AVAILABLE DATA
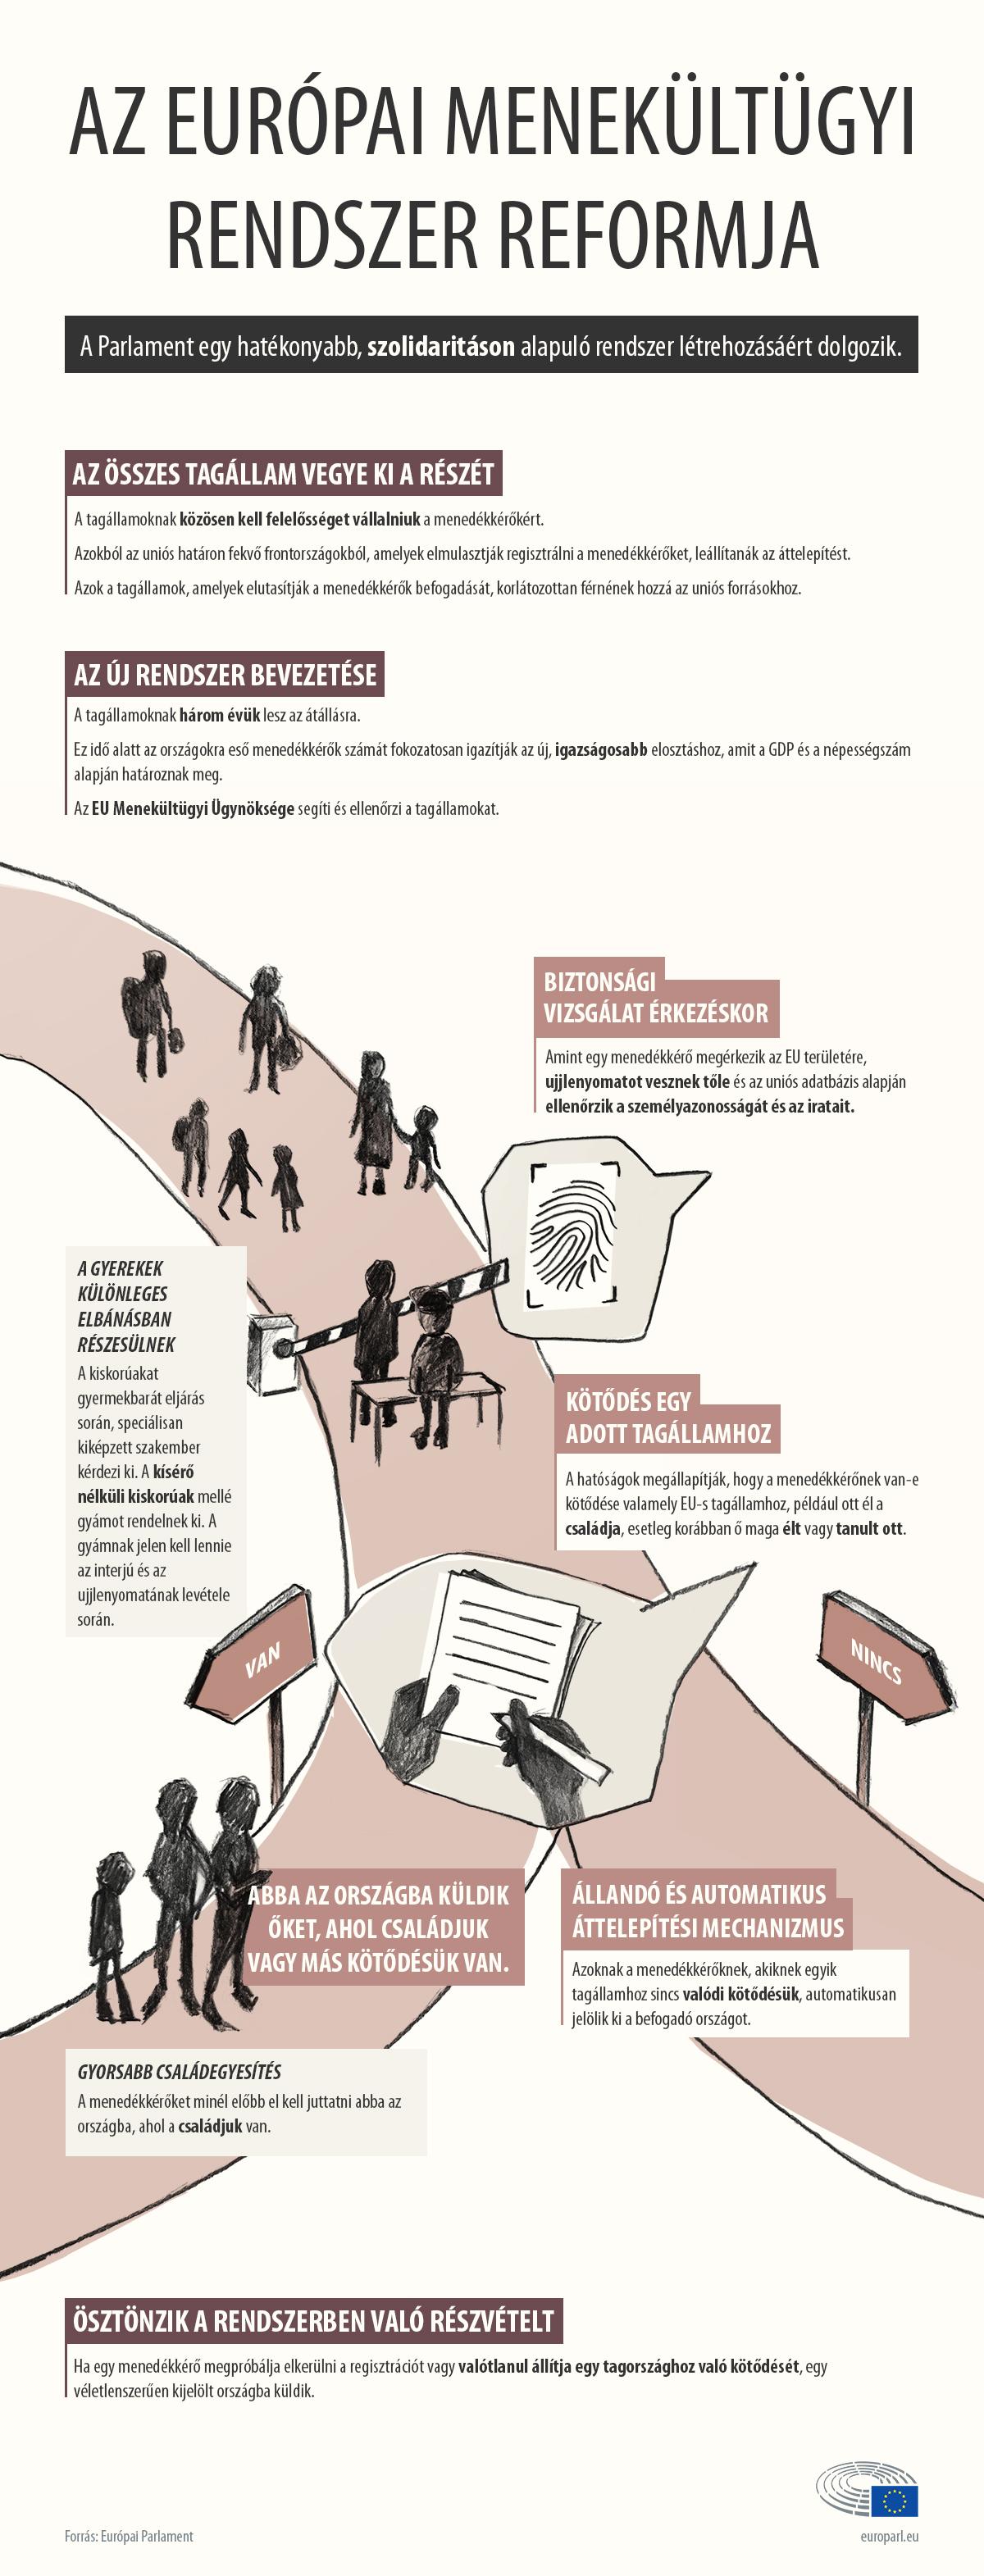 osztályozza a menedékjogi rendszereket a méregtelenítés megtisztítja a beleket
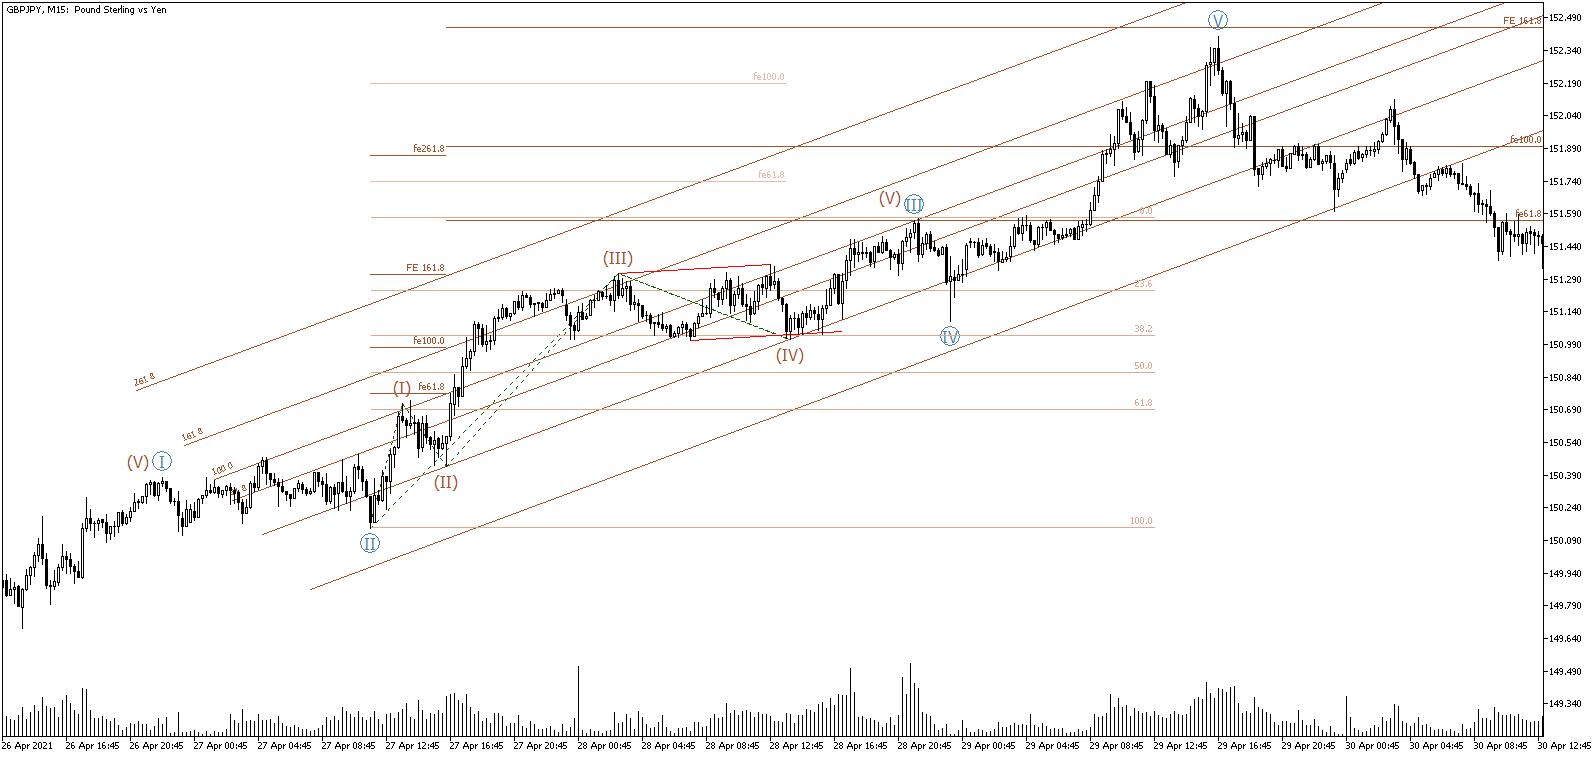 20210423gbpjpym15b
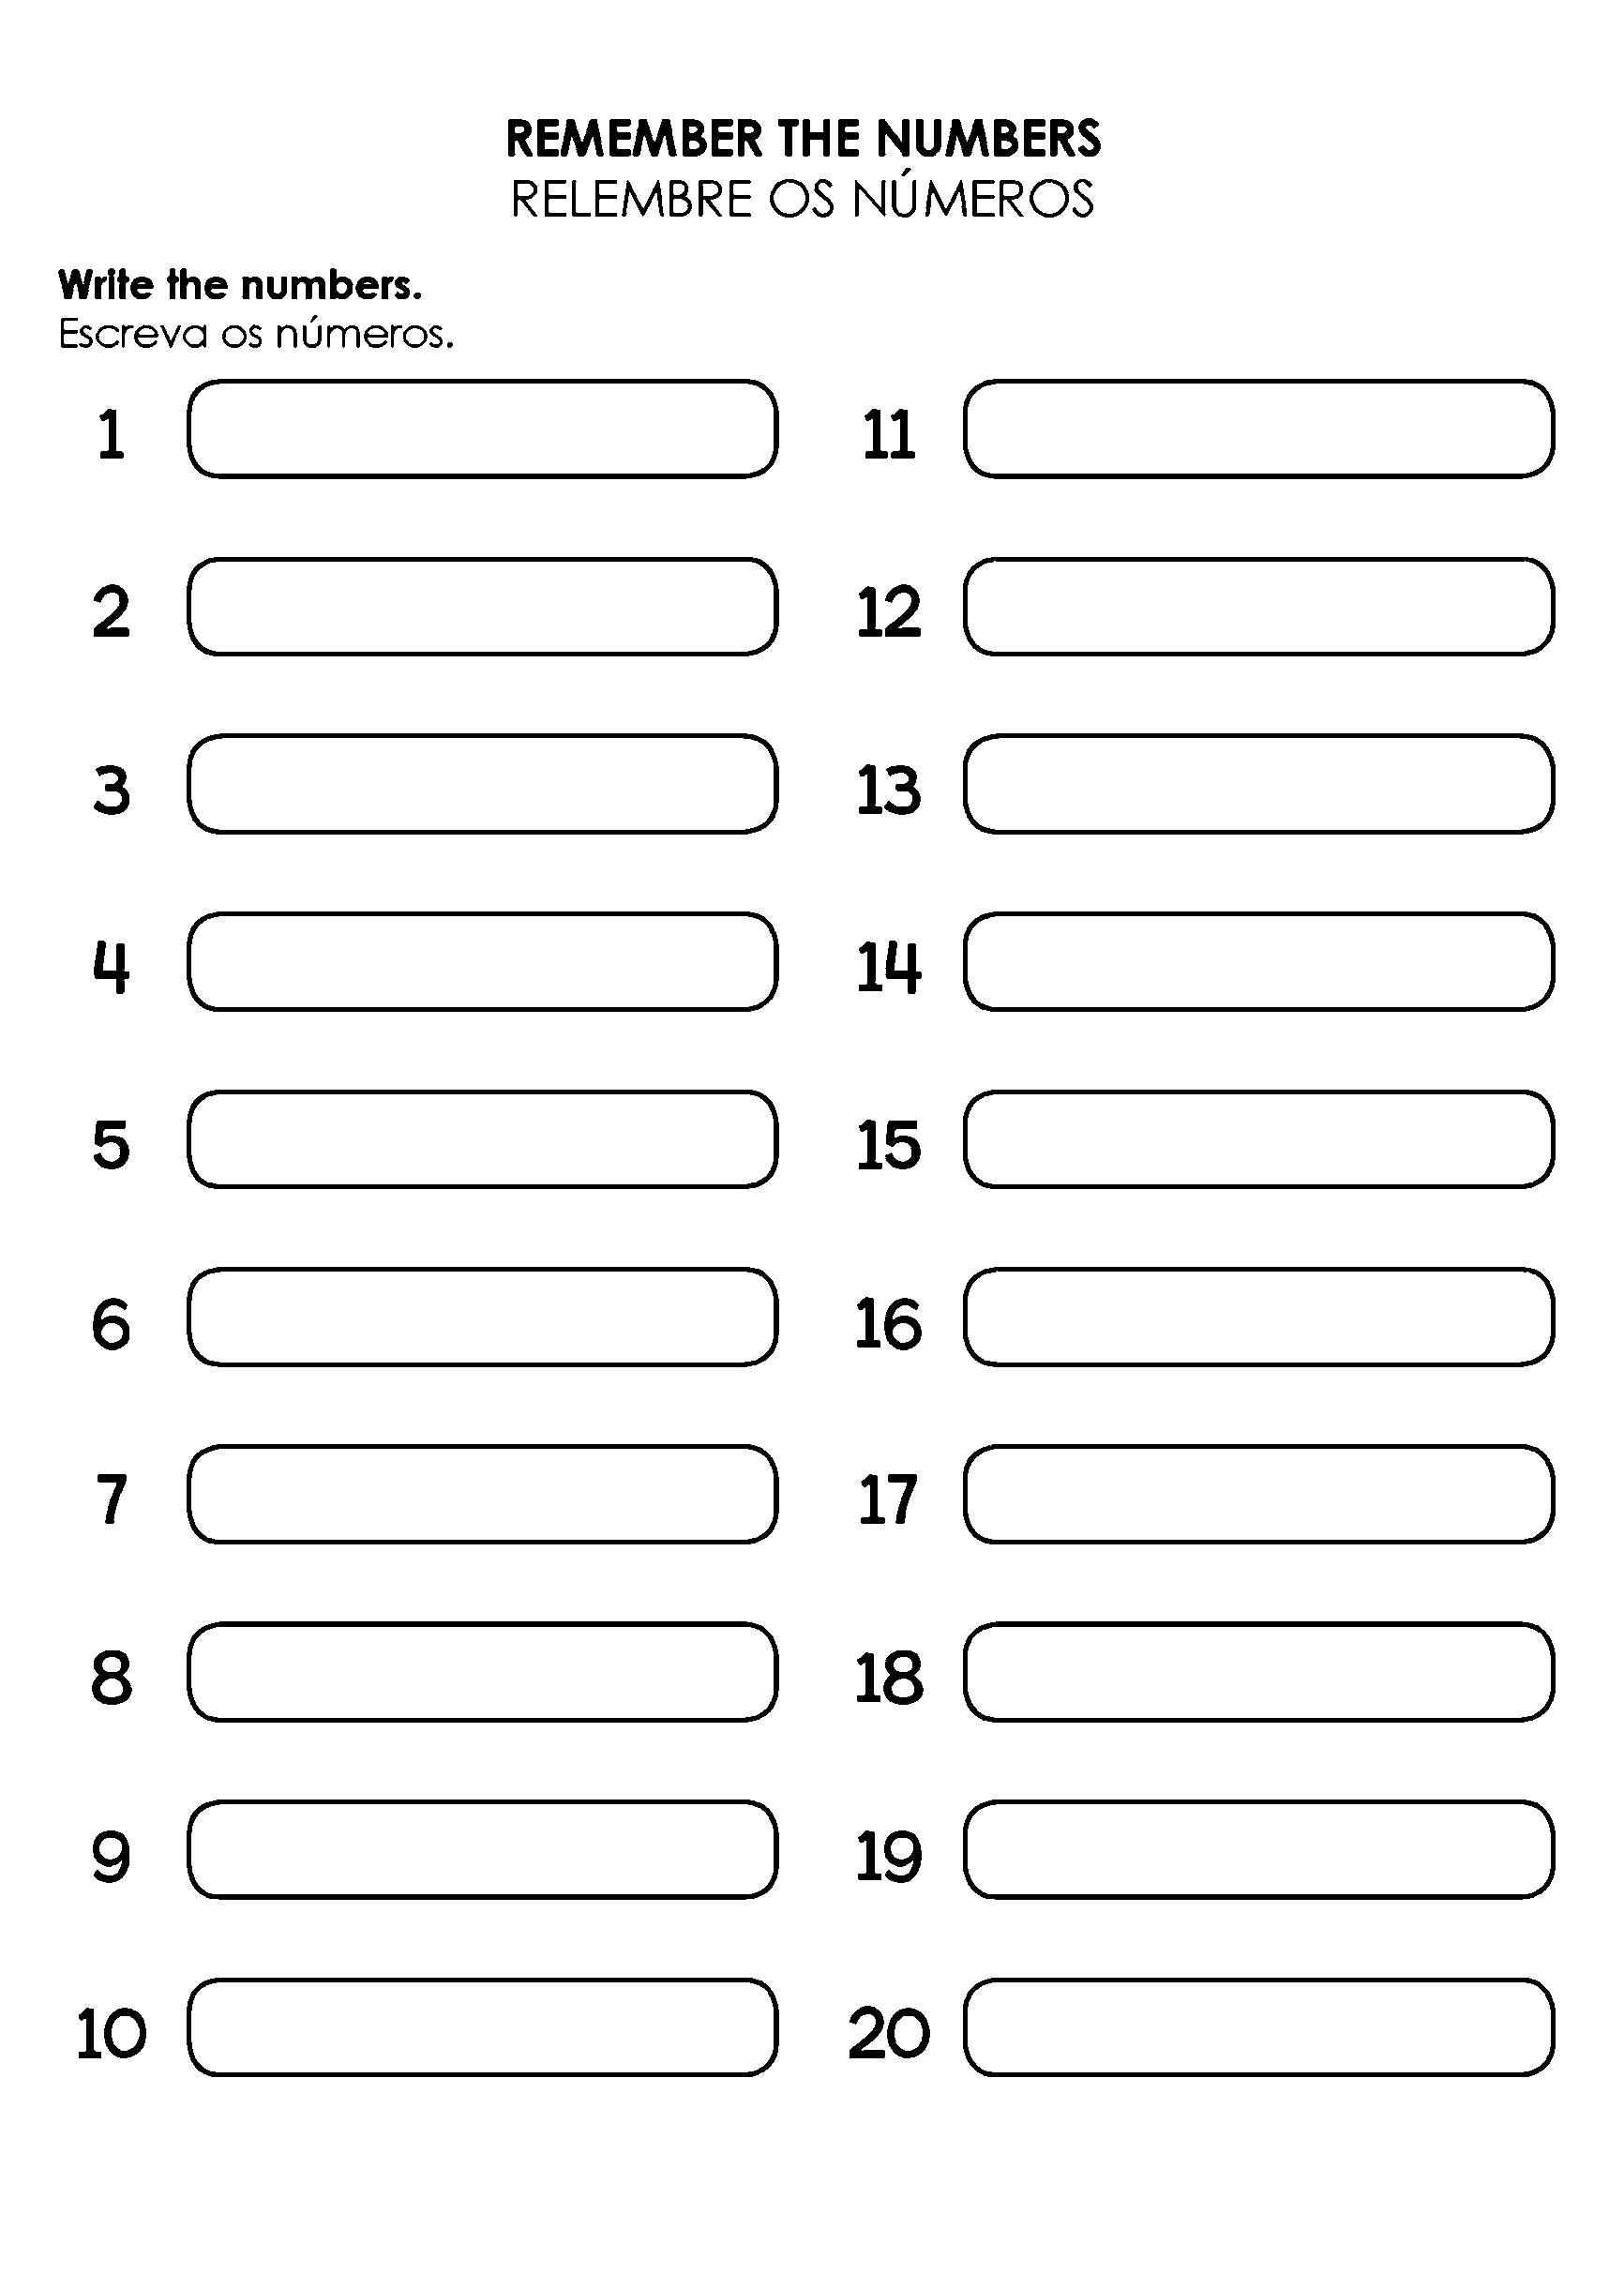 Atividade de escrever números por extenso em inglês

INSTRUCTIONS FOR THE TASK
Begin at the line containing "20210423gbpjpym15b" and copy every line through the end of the data above exactly, omitting the pictures.

SOLUTION TO THE PROBLEM
 20210423gbpjpym15b
 Atividade de escrever números por extenso em inglês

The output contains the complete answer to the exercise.